Task description: Transcribe the listing below in full, exactly, with no images.

Collected data:
== Segment start ==

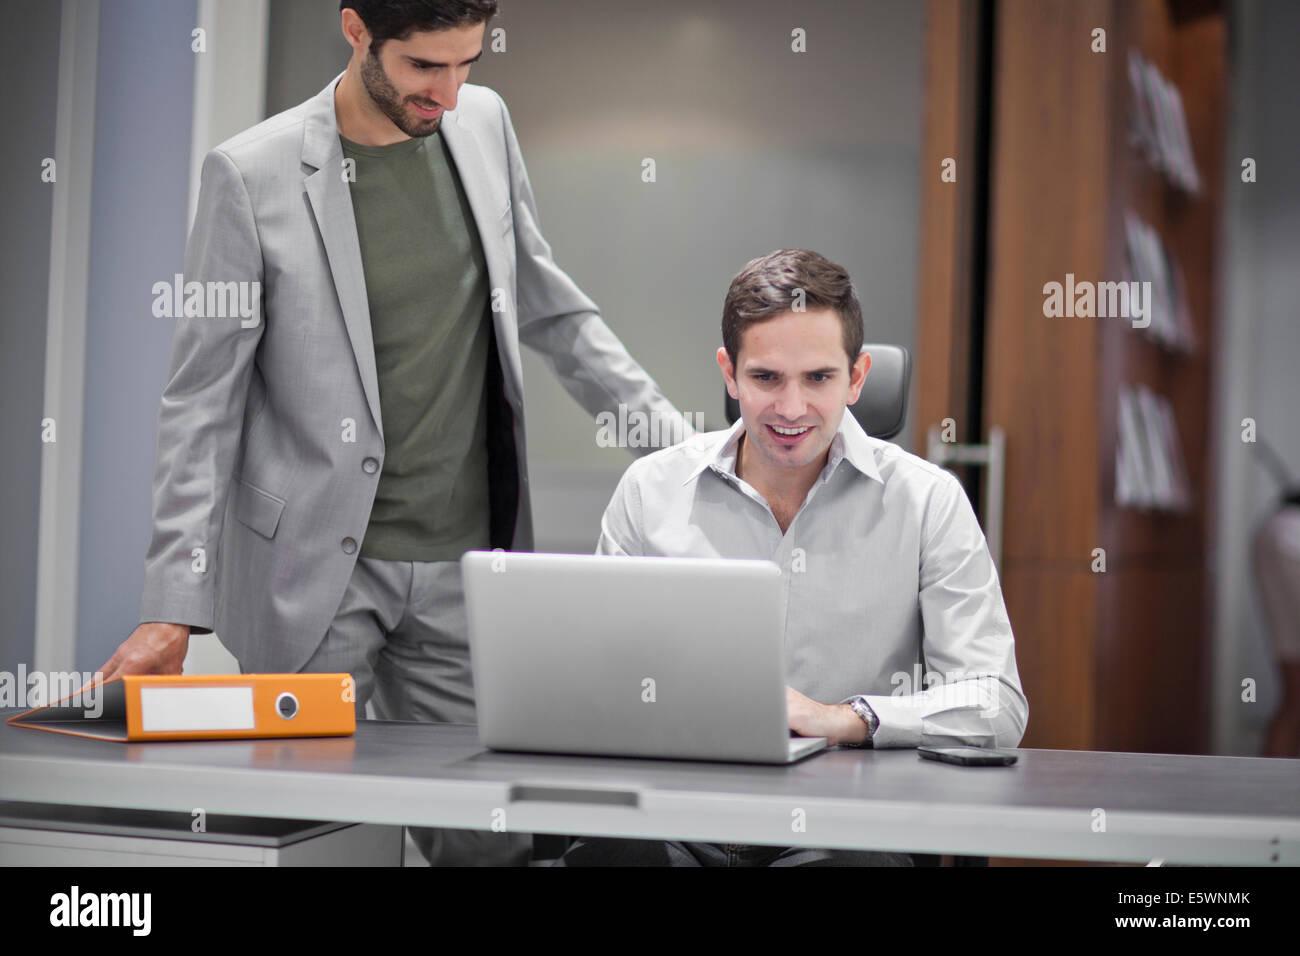 Deux hommes dans un bureau, à l'aide d'ordinateur portable Photo Stock
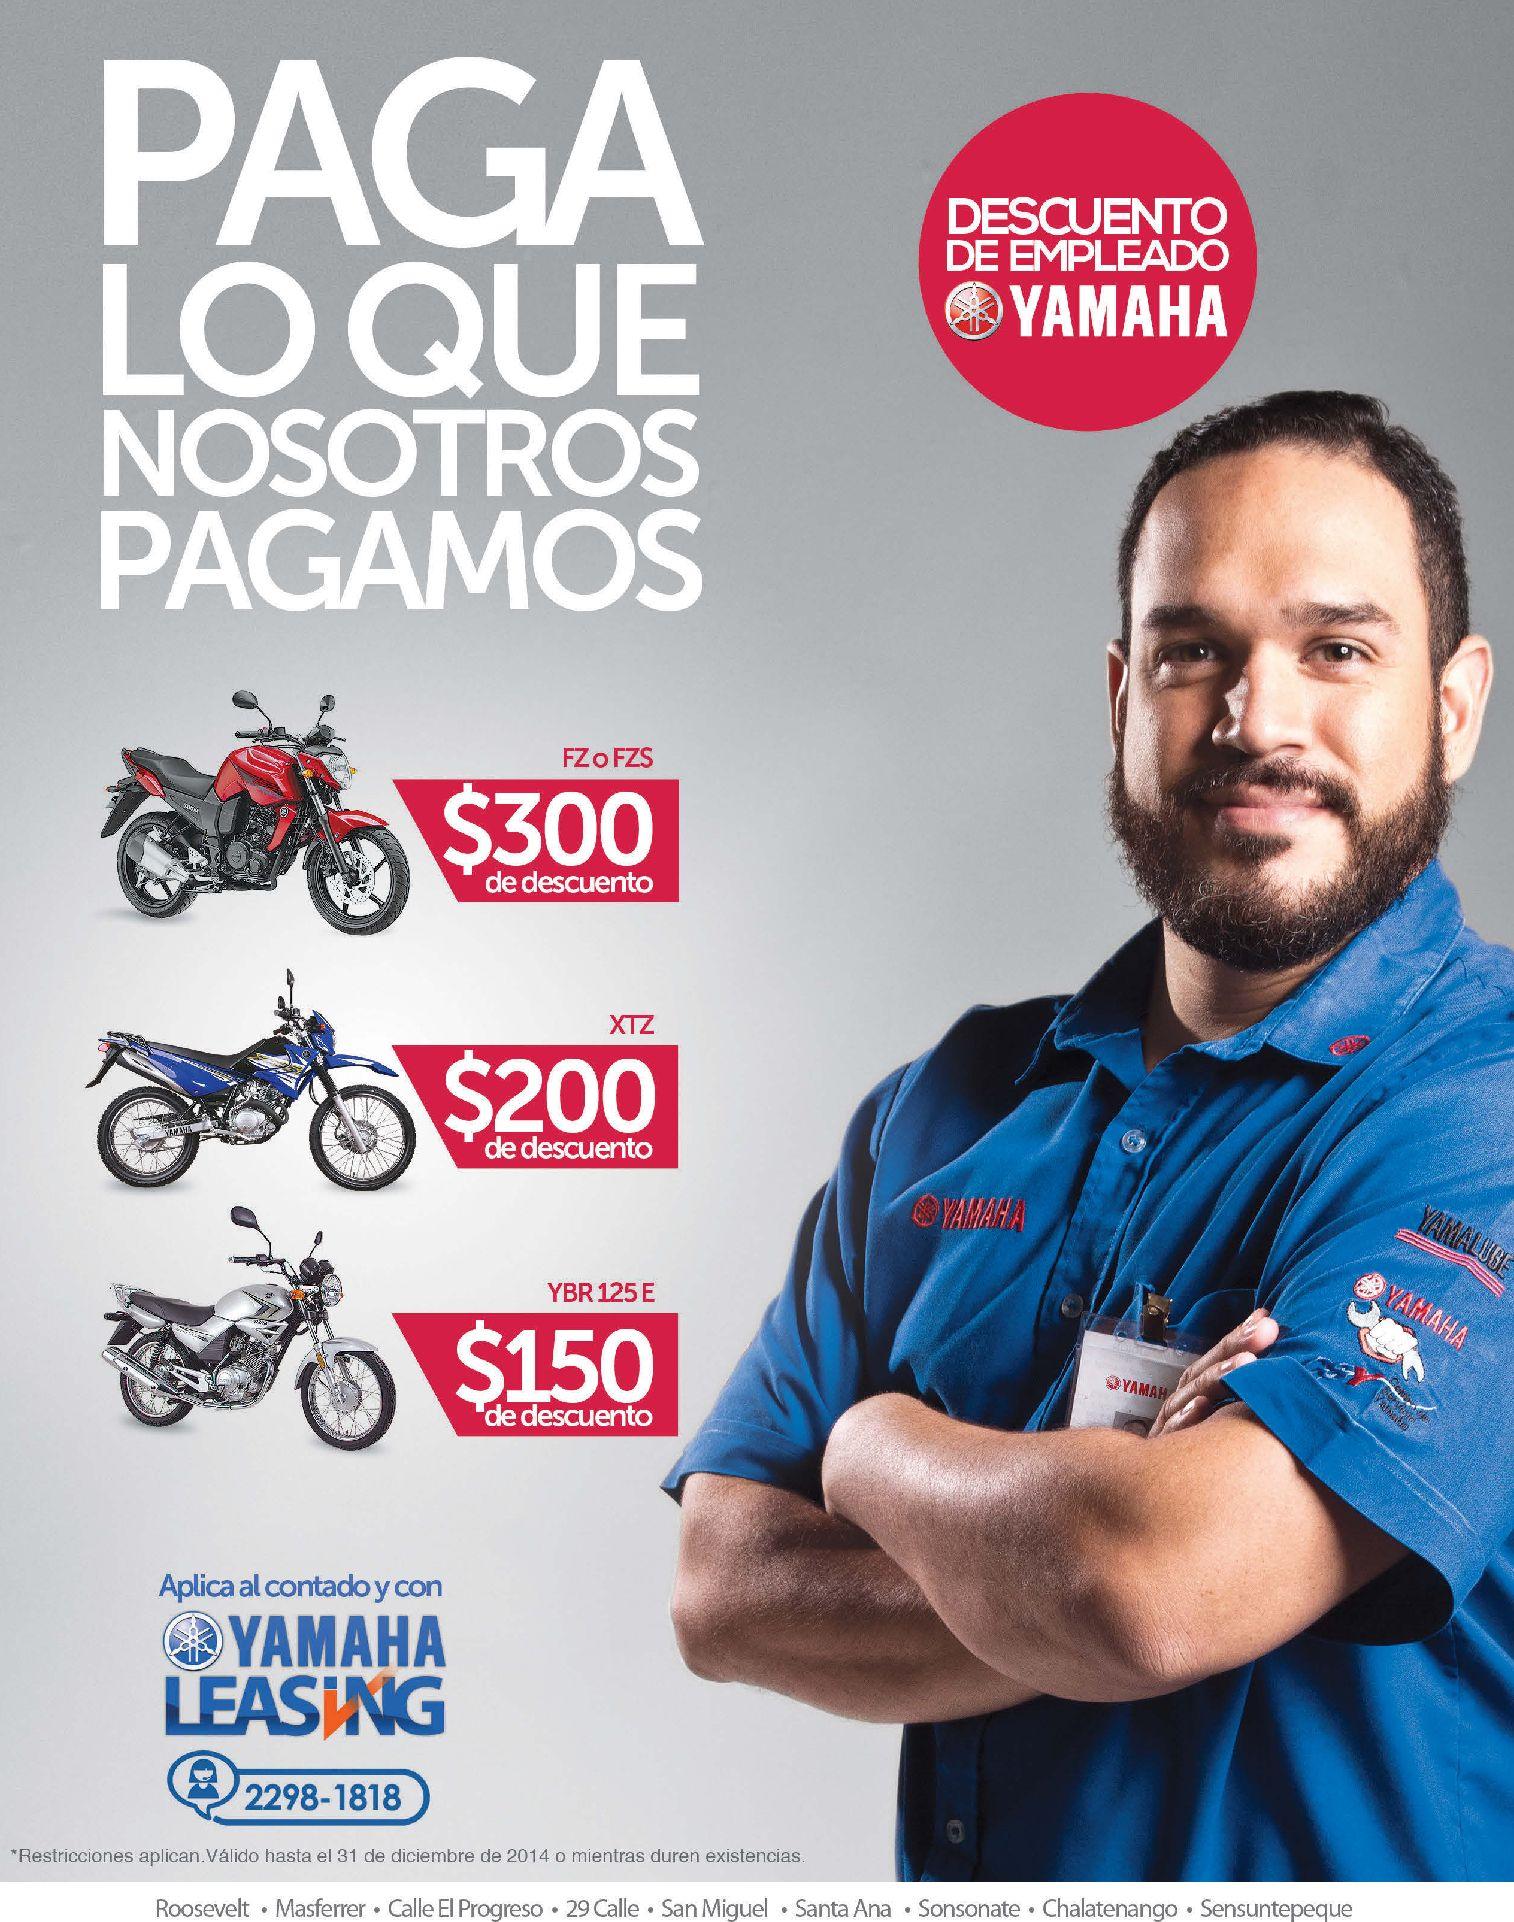 Comprar moto yamaha con descuento de empleado - 06oct14
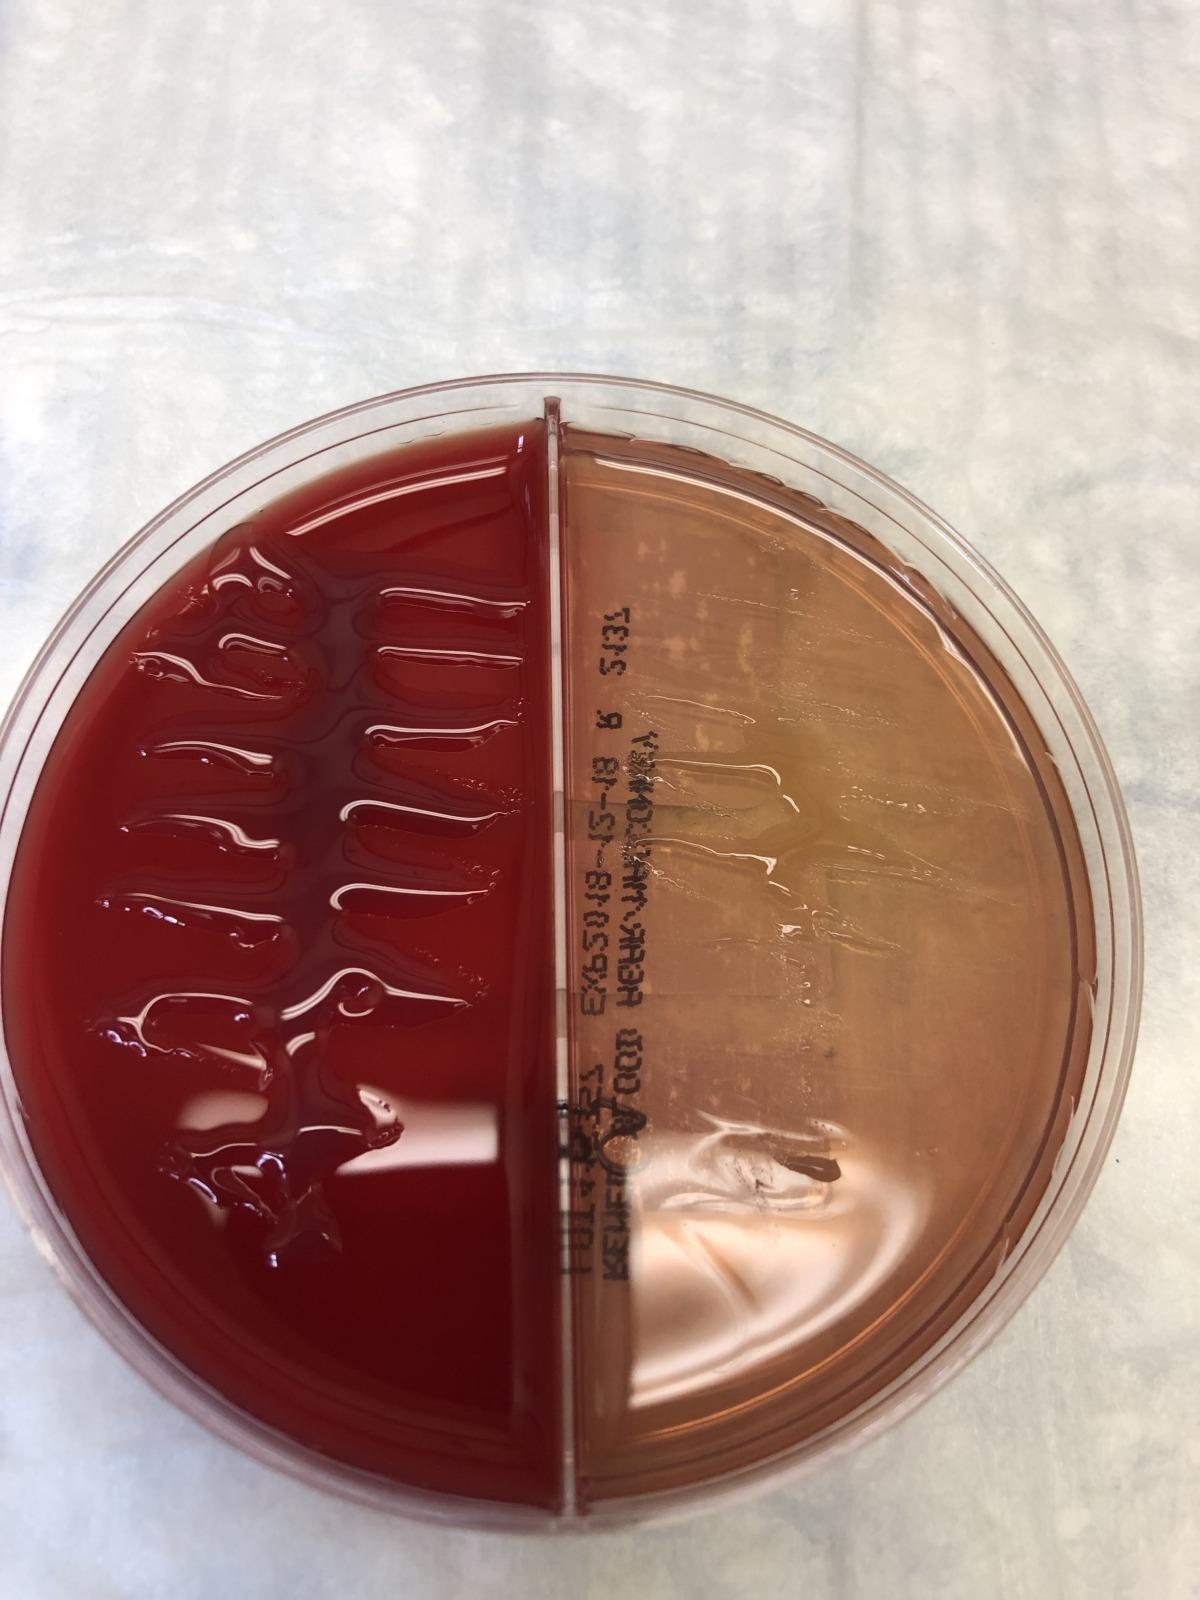 mucoid Pseudomonas aeruginosa
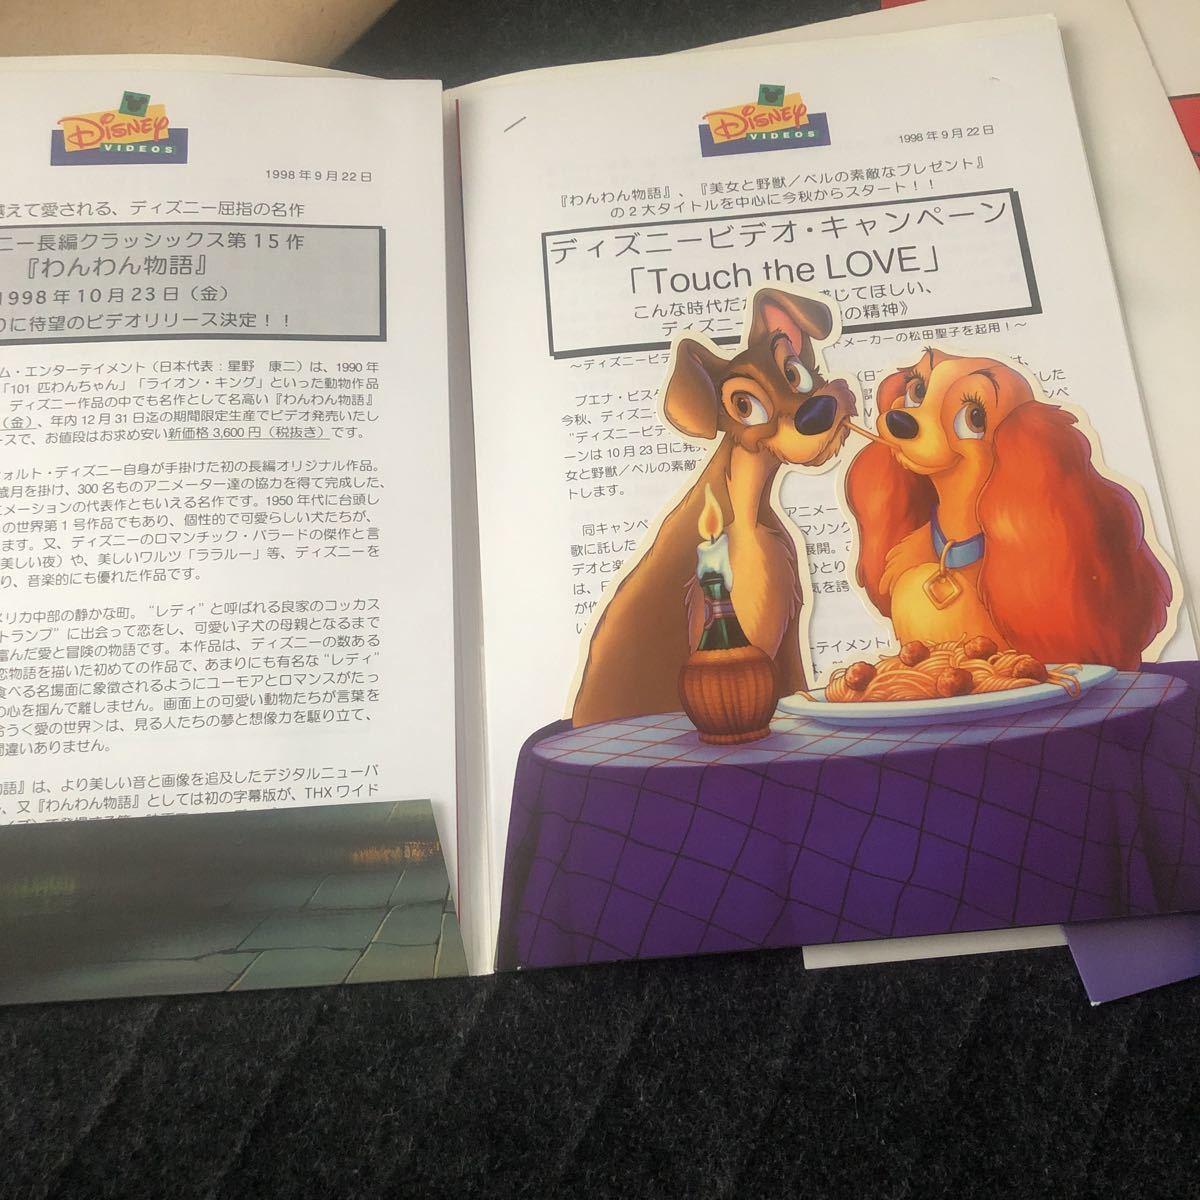 ディズニー ビデオ VHSプレスシート類(リトル・マーメイド、美女と野獣、ヘラクレス、わんわん物語、ミッキー&ミニー等)_画像6

== Segment end ==

Written response:
 Deux hommes dans un bureau, à l'aide d'ordinateur portable Photo Stock
 Comprar moto yamaha con descuento de empleado - 06oct14
 mucoid Pseudomonas aeruginosa
 ディズニー ビデオ VHSプレスシート類(リトル・マーメイド、美女と野獣、ヘラクレス、わんわん物語、ミッキー&ミニー等)_画像6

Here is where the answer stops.